Образчиком его хозяйства можно взять следующий факт. В конце пятьдесят девятого года, спустя много времени после издания инвентарей, он скупил крестьян для переселения в какую-то отдаленную пустошь. Задумано — сделано: получается известие, что крестьяне дошли благополучно, но тут же объясняется, что крестьянам жить негде, «что, мол, надоть строиться». Как быть? Денег — ни полушки (крестьяне были скуплены на сроки), а сторона тамошняя вдобавок не лесная. Подумал-подумал Николай Васильевич и отправился в английский магазин выписывать для двухсот переселенных душ непромокаемые палатки. Английский магазин охотно верит на векселя и обещается ждать, но не ждет зима! В непромокаемых палатках, несмотря на тесноту, крестьяне мерзнут. «Ces pauvres gens»[129], — думает Николай Васильевич и посылает переселенцам вновь изобретенные, патентованные переносные печи… Кончается дело вмешательством опеки… Далее Николай Васильевич пускается уже на фокусы: какой-то делец от Иверских ворот берется доказать, что, выдавая векселя английскому магазину, он был не в своем уме; но ничего не помогло: имения, а в том числе и переселенцы, затрещали. К счастью, Катерина Федоровна вовремя перестала увлекаться мужниными способностями, ежеминутно перед нею разоблачающимися, и взялась за ум: Ненашево уцелело.
Становилось, однако, поздно: Наденька уже раза два зевнула потихоньку, а Николай Васильевич то и дело закрывал глаза. В деревне рано кончается день. Я мигнул Куроедову, тот понял и встал.
— Куда же вы? — спросил старик.
— Время спать, — сказал он, — пора до дому.
— Что ж, что время?
— Завтра рано на работы нужно.
— Что ж, что рано?
Наденька вышла проводить нас на крыльцо.
— Будете завтра? — спросила она Куроедова.
— Буду, если дождя не будет…
— Я опять туда же выйду…
— Да, да — туда же!
Я в это время дожидался на дворе, а разговор этот происходил в темных сенях, где едва белело ее платьице да около него, близко-близко нагнувшись, флорентийская шляпа соседа. И говорили-то они почти шепотом. Вдруг мне не стало видно Наденькиной талии… потом, на месте ее головки появилась знакомая панама, какой-то тихий, мелькнувший звук — и Куроедов проворно спрыгнул с крылечка.
— Про-щай-те… — закричала Наденька, но дрожавший голосок ее не дотянул последнего слога.
— Значит, линия вышла! — заметил я шутя соседу, когда вышли за околицу.
— Линия?.. Да! Линия… — прошептал он. — Однако прощайте!
Он стиснул мне руку и, свернув с дороги, ушел в лес.
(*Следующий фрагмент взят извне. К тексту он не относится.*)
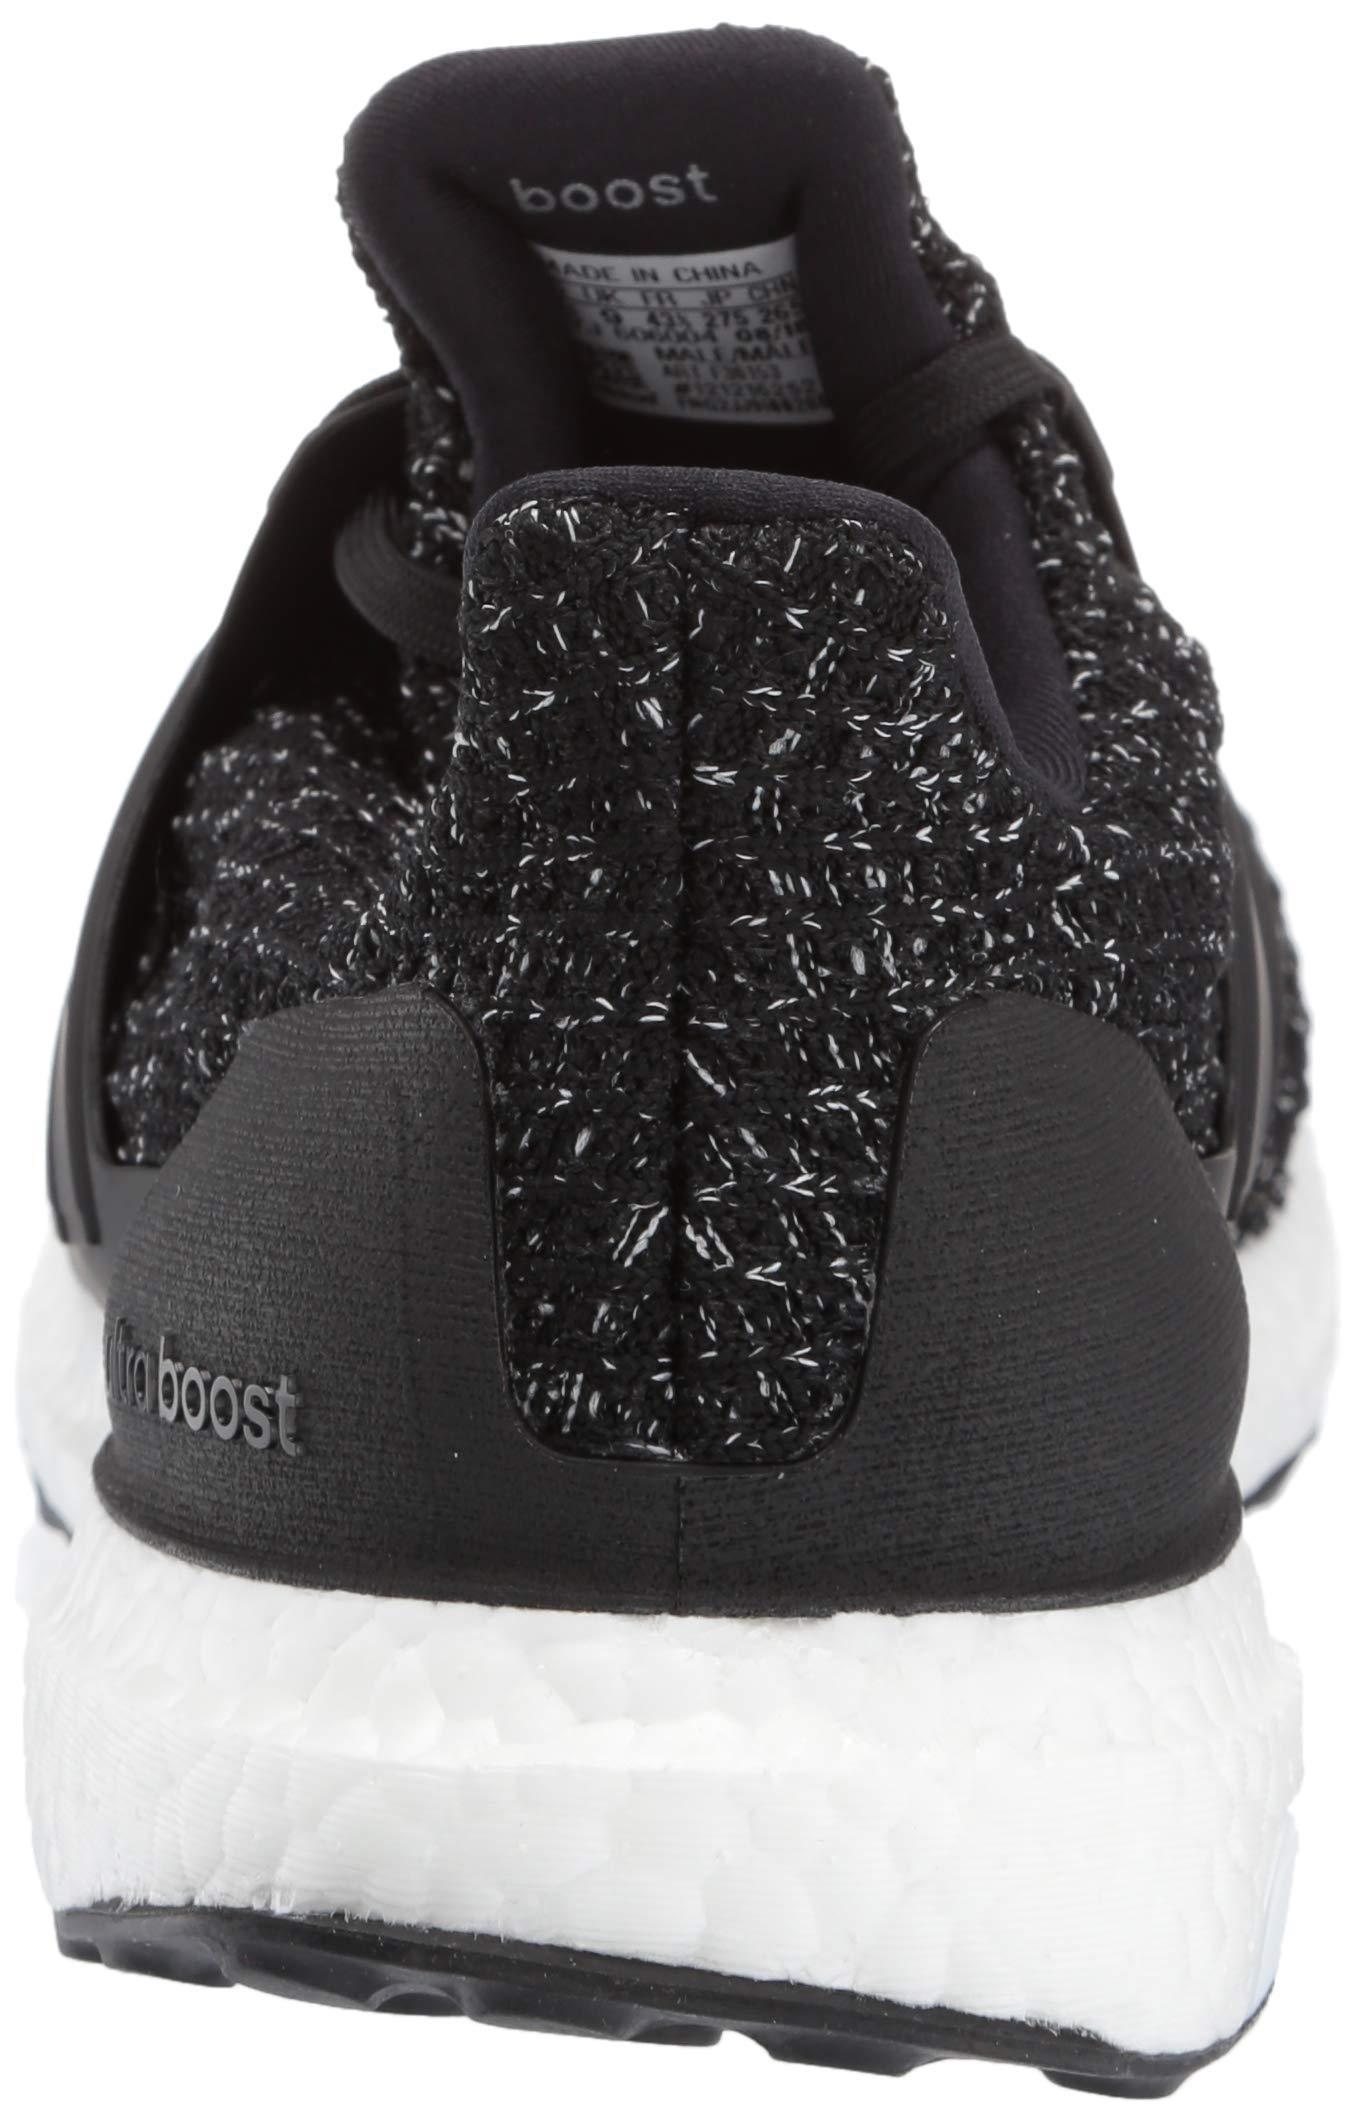 adidas Men's Ultraboost, Black/White, 9 M US by adidas (Image #2)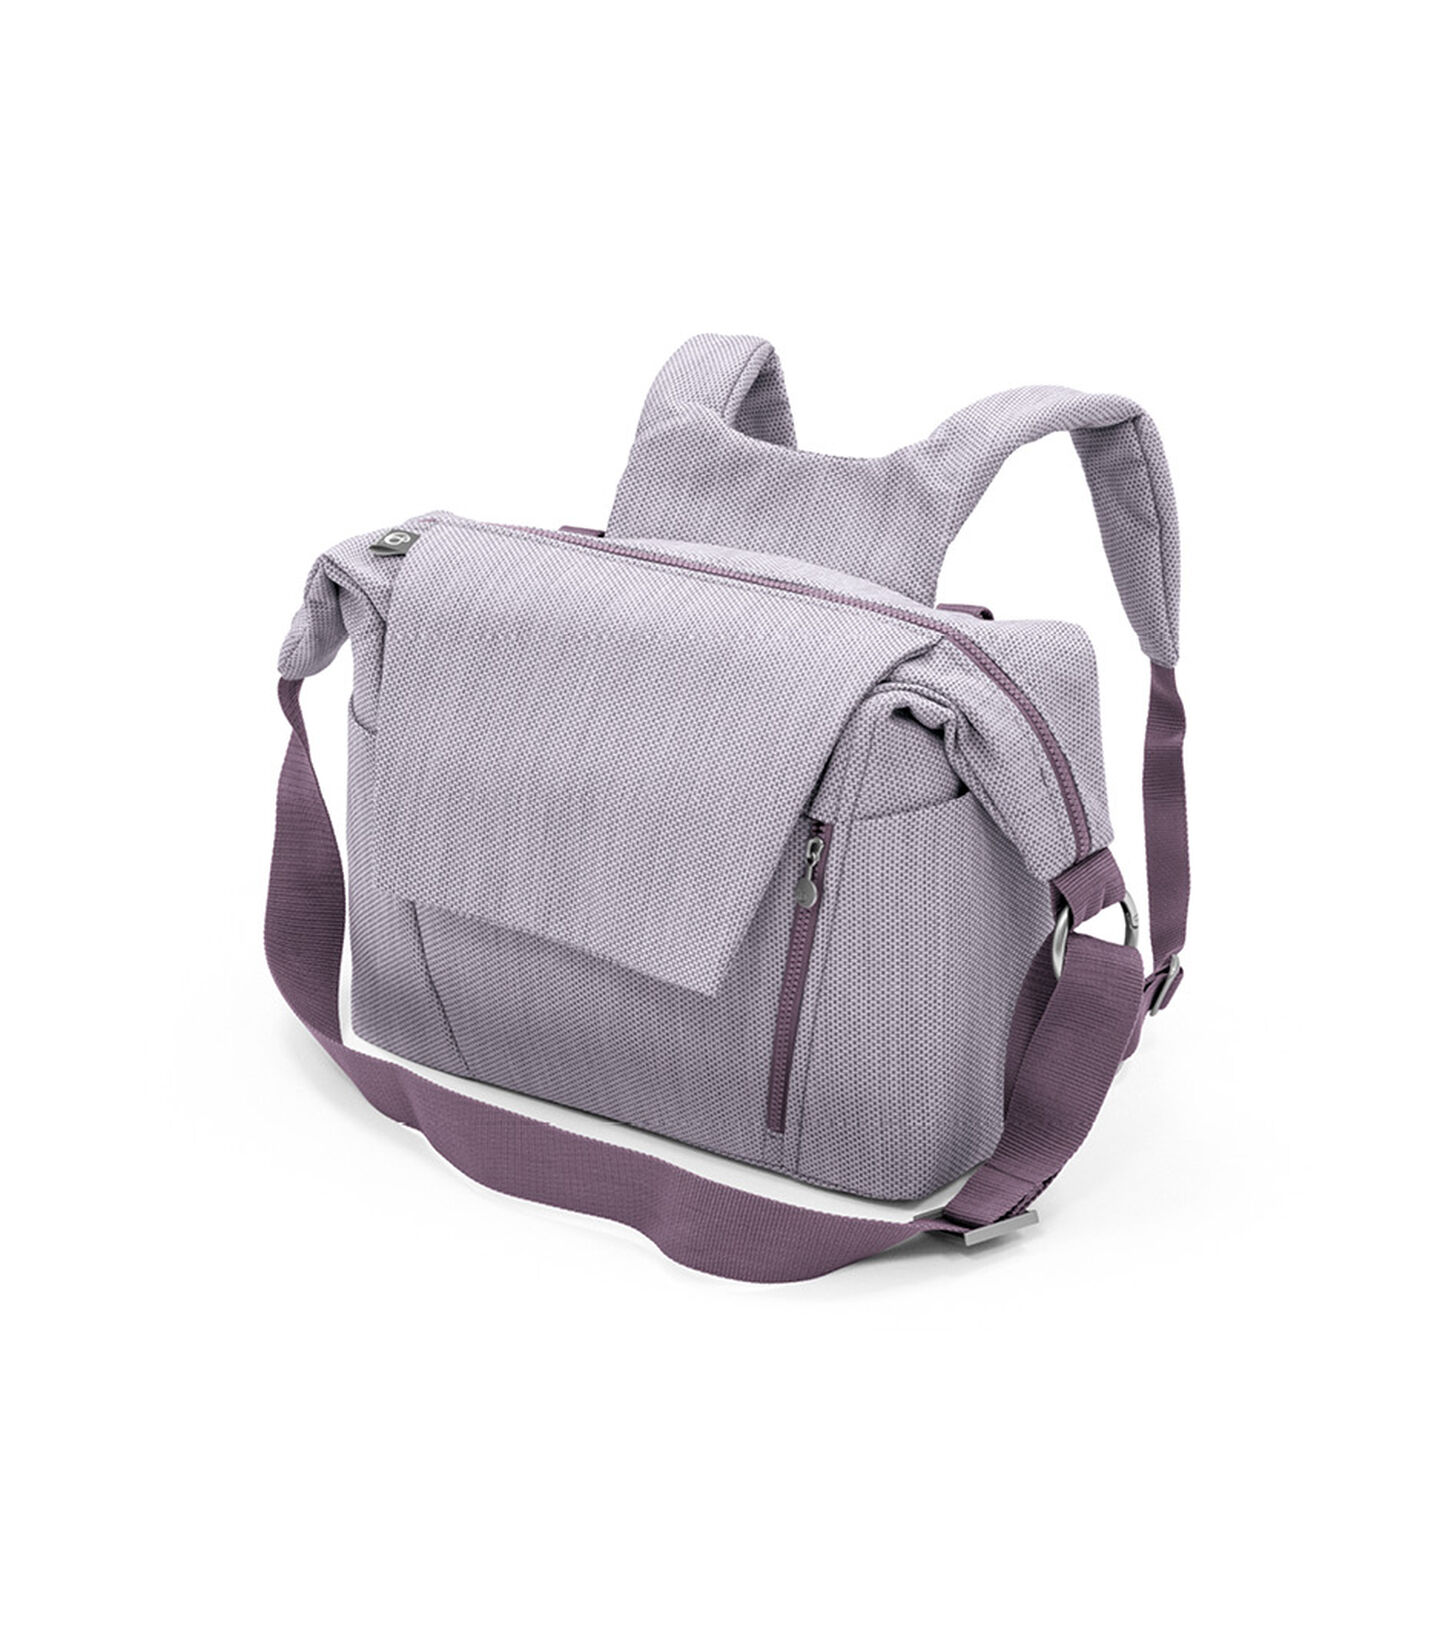 Stokke® Stroller Changing Bag, Brushed Lilac. view 2

Я поглядел-поглядел ему вслед и побрел, не торопясь, домой.
Шутить чужой страстью так же непозволительно, как и тратить бесплатно чужие деньги.
Денек выдался серенький, нежаркий; с утра моросил даже дождичек, но к полудню миновал: я охотился… Охотник я — надо правду сказать — плохой и нестрастный, но люблю уходить далеко-далеко от дома, забираться в незнакомые места, ожидать отрадного отдыха, не зная, где и когда еще придется отдохнуть: усталость телесная превозмогает в этом случае душевную истому… И потом, завидя дальное селение, попроситься на ночлег к радушному крестьянину, поужинать чем бог послал с его семьей и в ожидании первого проблеска молодого утра заснуть часок-другой под сводом теплой, звездной ночи, сквозящей в щели кое-как огороженного и душистого сеновала. А там — опять в лес, опять новое селение, новые люди, новые россказни!.. Ружье со мной больше для контенанса[130]. У всякого свои странности — у меня своя, если можно назвать странностью привязанность к скромной доле простолюдина, к правде и народности, глубоко скрытой в нем вместе с топким чувством природы; он один и прост, и первобытен! Живя заодно с природой, подчиняясь беспрерывно ее игре, распределяя по ней и свою деятельность, он постоянно чувствует на себе ее влияние, ее мощь. Вследствие этого-то столкновения, в жизнь простолюдина закрался некоторый поэтический элемент и идея законности. Прислушайтесь, например, к его говору: у него нет фразы, почти нет слова, а между тем вы его понимаете, понимаете влияние тех звуков, которыми он выражает причину, настроение, намерение, — и в его устах звуки эти достаточно полны… Итак, я охотился.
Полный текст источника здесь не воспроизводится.